Step 4: Execute with disciplined oversight

• Hold pre-batch readiness huddles to confirm materials, equipment, and people are

prepared.

• Assign roles for batch execution, data collection, deviation management, and

observer responsibilities.

• Capture data in real time; review trends at defined checkpoints rather than

waiting for batch completion.

• Use communication protocols for instant escalation when parameters drift.

Step 5: Conduct rapid, structured data reviews

• Convene data review meetings within 24-48 hours of batch completion.

• Review CPPs, CQAs, sampling results, deviations, and operator logbooks.

• Assess against predefined acceptance criteria and document conclusions.

• Decide on readiness for the next batch, required corrective actions, or

additional monitoring.

Metrics that prove PPQ stability

• Planned versus unplanned deviations per batch.

• Time from batch completion to data review sign-off.

• Percentage of critical parameters within target ranges.

• Analytical turnaround against commitment.

• Successful completion of PPQ campaign versus planned number of batches.

45-day roadmap

1. Days 1-10: Review recent PPQ runs, document delay drivers, and update risk

assessments.

2. Days 11-20: Refresh CPP/CQA lists, finalize sampling plans, and verify

analytical readiness.

3. Days 21-30: Configure real-time monitoring dashboards and conduct a mock

data review using legacy batch data.

4. Days 31-45: Execute the next PPQ batch using the enhanced process, track

metrics, and iterate before subsequent batches.

Frequently asked questions

How many PPQ batches do we need?

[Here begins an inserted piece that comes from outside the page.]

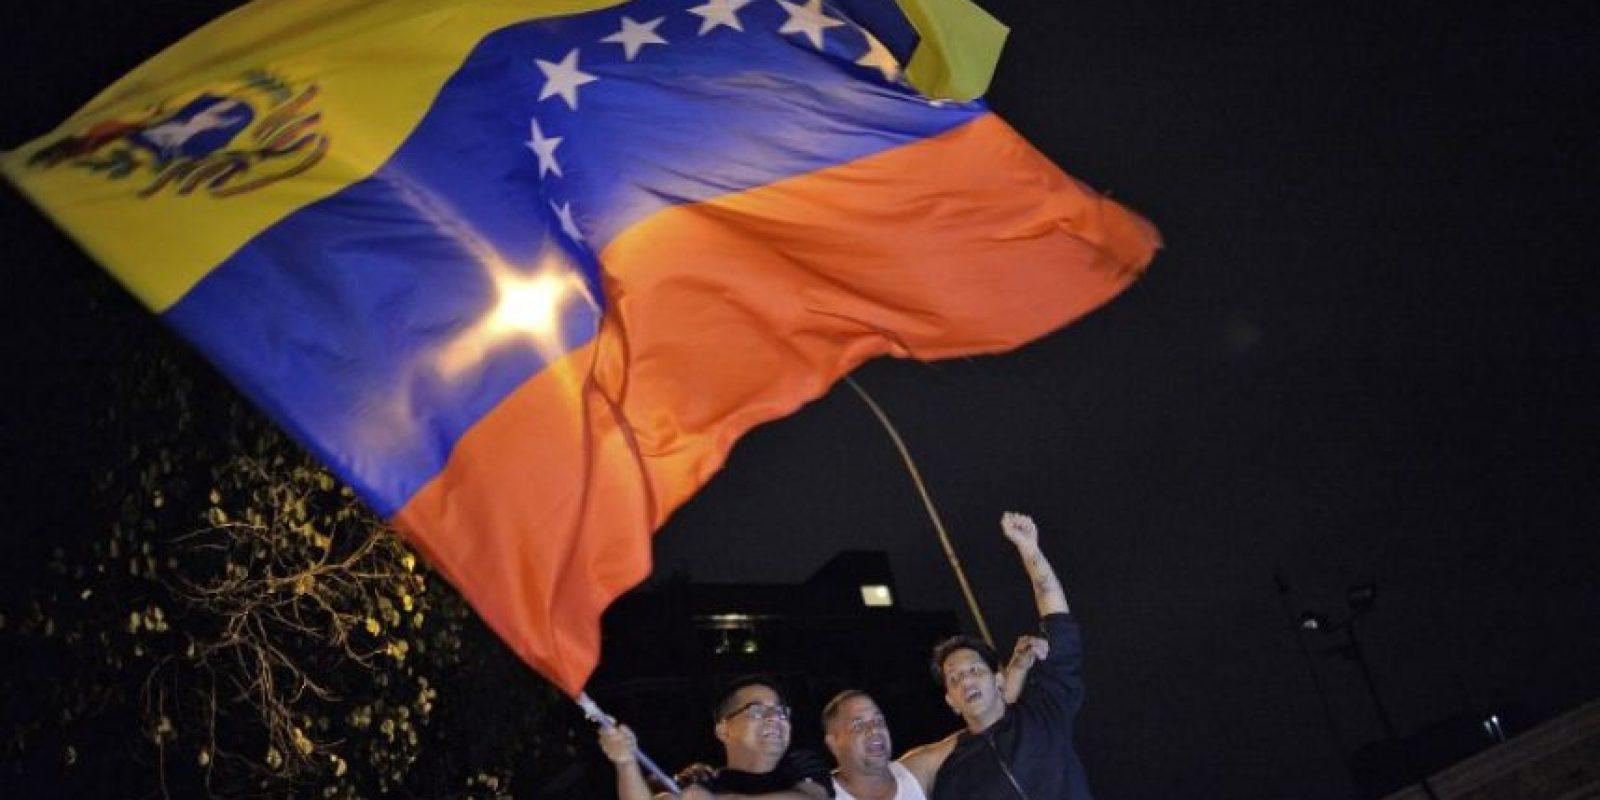 El Fondo Monetario Internacional estimó que Venezuela cerrará con el 158.1% de inflación, en abril de este año y que se espera llegue al 204.1% en 2016. Foto:AFP

Apply science- and risk-based rationale.

Justify the number to regulators using historical data and process knowledge.

What documentation should we maintain? Risk assessments, readiness reviews,

batch records, deviation reports, data review minutes, and PPQ summary report.

How do we handle unexpected deviations? Follow predefined decision trees,

perform root cause analysis quickly, and document rationale for continuing or

repeating batches.

Can we automate data analysis? Yes. Use statistical process control tools

to flag trends and integrate with data historians for faster reviews.

Sustain the win

Hold data-review meetings after each PPQ batch, update risk maps with real-world

learnings, and rotate PPQ leadership to build depth. Share success metrics with

regulatory and supply-chain stakeholders to maintain support. When PPQ runs lack

surprises, launch timelines stay intact.